Main

Biopsy for pharmacodynamic (PD) and biomarker analysis is increasingly common in early-phase cancer trials (Twelves, 2006; Goulart et al, 2007). In principle, PD end points can provide evidence of target effects for a drug, and support decision making for subsequent trials (Workman, 2003; Sarker et al, 2007; Sarker and Workman, 2007; Tan et al, 2009). However, many PD studies require invasive procedures like tumour biopsy.

Studies find that many patients are willing to undergo research biopsy (Seah et al, 2013) and that ethics review committees and oncologists may overestimate patient anxiety associated with biopsies (Agulnik et al, 2006). In one study, overall and major complication rates for tumour biopsies were 5.2% and 0.8%, respectively (Overman et al, 2012). However, the majority of patients describe their biopsies as being painful (Agulnik et al, 2006) and other studies indicate that 10% of patients receiving one common procedure – breast tumour biopsy – report moderate-to-severe pain (a more extended discussion of tumour biopsy risk and burden is available at Brown et al (2008); Hemmer et al (2008); Kimmelman et al (2012)). As biopsies often have no value for subjects in terms of clinical management, their ethical justification rests on an expectation that their performance will be redeemed by the value of the knowledge accrued (Olson et al, 2011).

Given that the burdens of such procedures are well understood, debates concerning their application revolve around conflicting views about the scientific utility of PD evidence. Some commentators question whether research biopsies return sufficient knowledge to justify their risks (Dowlati et al, 2001; Parulekar and Eisenhauer, 2004; Davis et al, 2005; Goulart et al, 2007; Ratain and Glassman, 2007). Such critics describe research biopsies as ‘taking without giving in return’ and an ‘expensive distraction’ (Helft and Daugherty, 2006; Ratain and Glassman, 2007; Olson et al, 2011). One critic argues, ‘given that biomarker support of mechanism, or lack thereof, has not contributed to go/no-go decisions in practice, sponsors should reconsider the value of including any biomarker evaluations in phase I oncological studies’ (Ratain and Glassman, 2007). Others insist that the procedures are safe and feasible, and stress the importance of gathering mechanistic evidence in drug development; defenders point to examples where enrichment trials involving biopsy enabled rapid translation of cancer strategies (Kelloff and Sigman, 2005; Agulnik et al, 2006; Cannistra, 2007; Brown et al, 2008; Peppercorn et al, 2010).

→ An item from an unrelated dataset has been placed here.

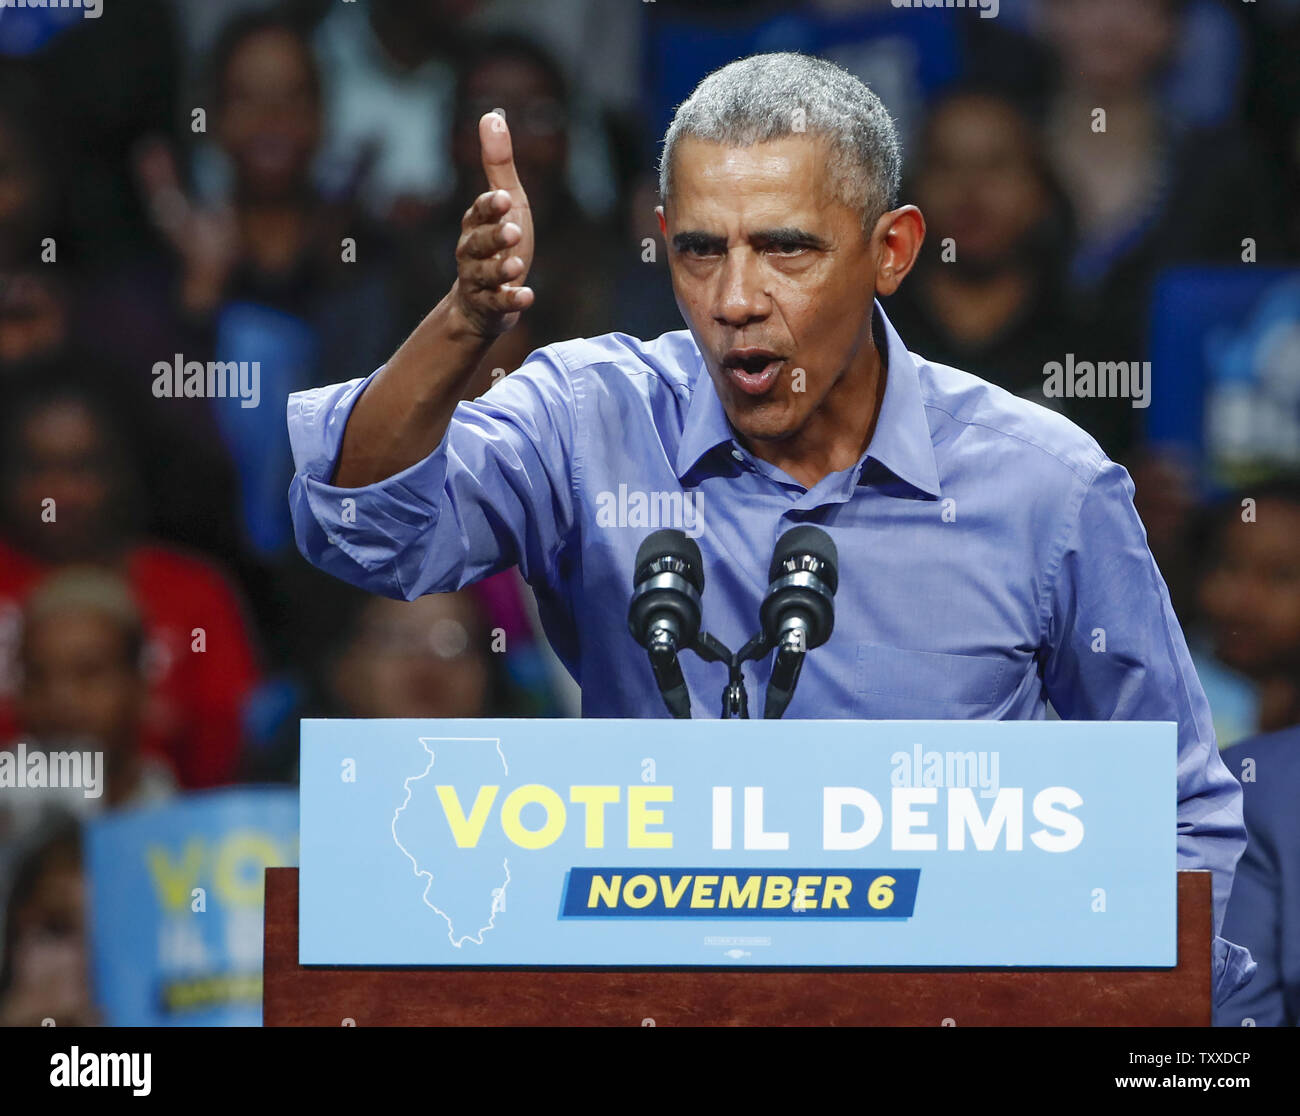 Former President Barack Obama speaks during the campaign rally for Illinois Democrats in Chicago on November 4, 2018. Photo by Kamil Krzaczynski/UPI Stock Photo

Such debates are hampered by a paucity of systematic evidence concerning the knowledge value of PD studies. In part, this reflects the fact that there are no widely accepted measures of knowledge value. In this report, we sought to highlight measures that could improve the risk/knowledge value of tumour biopsies and associated PD analyses. In particular, we measured two objective proxies of knowledge value: reporting practices and outcome diversity. In order for ‘knowledge value’ to accrue, scientific findings must be reported in sufficient detail to permit readers to form or update beliefs. They must also enable others to reproduce findings in studies addressing similar questions. We measured the extent to which publications reported on study elements that were viewed as important in similar studies – those involving tumour prognostic biomarkers. The second proxy builds on the premise that a population of studies is more informative when it reflects a diversity of outcomes for tested hypotheses. Pharmacodynamic studies generally set out to test well-formulated hypotheses about specified target effects. Finding that in a population of PD studies, hypothesised target effects are almost always confirmed suggests either publication bias, limited information gain (as outcomes were predicted in advance of the PD study), or both. Our studies highlight the potential value of reporting standards for PD studies in cancer.

Materials and methods

Our primary objective was to describe the reporting practices in a convenience sample of recent invasive PD studies embedded within cancer trials. Our secondary objectives were to measure diversity of study outcomes and to identify characteristics of studies that correlate with better reporting.

Sample

Our study utilised a convenience sample of studies involving tumour biopsy. To capture a sample of studies that involved PD analyses and invasive tissue procurement while excluding the very large volume of studies involving minimally invasive collection (for example, venipuncture), we devised a search strategy that was highly specific. Briefly, we used keywords like ‘biopsy’ and ‘pharmacodynamic’ to search PubMed for articles published from 2000 to 2010 (inclusive) reporting on the use of invasive, non-diagnostic tissue procurement in cancer trials. We excluded articles where (a) non-diagnostic status of tissue procurement was ambiguous; (b) biopsy was not performed; (c) trials did not involve cancer patients; or (d) tissue procurement was minimally invasive (for example, venipuncture). Our search methods are described in greater detail elsewhere (Freeman and Kimmelman, 2012). After an initial screening by title and abstract, eligibility was confirmed using the full report.

Extraction elements

We developed a data extraction form for assessing study reporting and outcomes. Our form (Appendix 1) covered three domains: (1) study characteristics (for example, the year of publication, phase of trial, drug identity); (2) PD study practices and reporting (for example, description of assays, patient flow through study, use of blinded analysis); and (3) study outcomes (for example, confirmation status of PD hypotheses, author conclusions).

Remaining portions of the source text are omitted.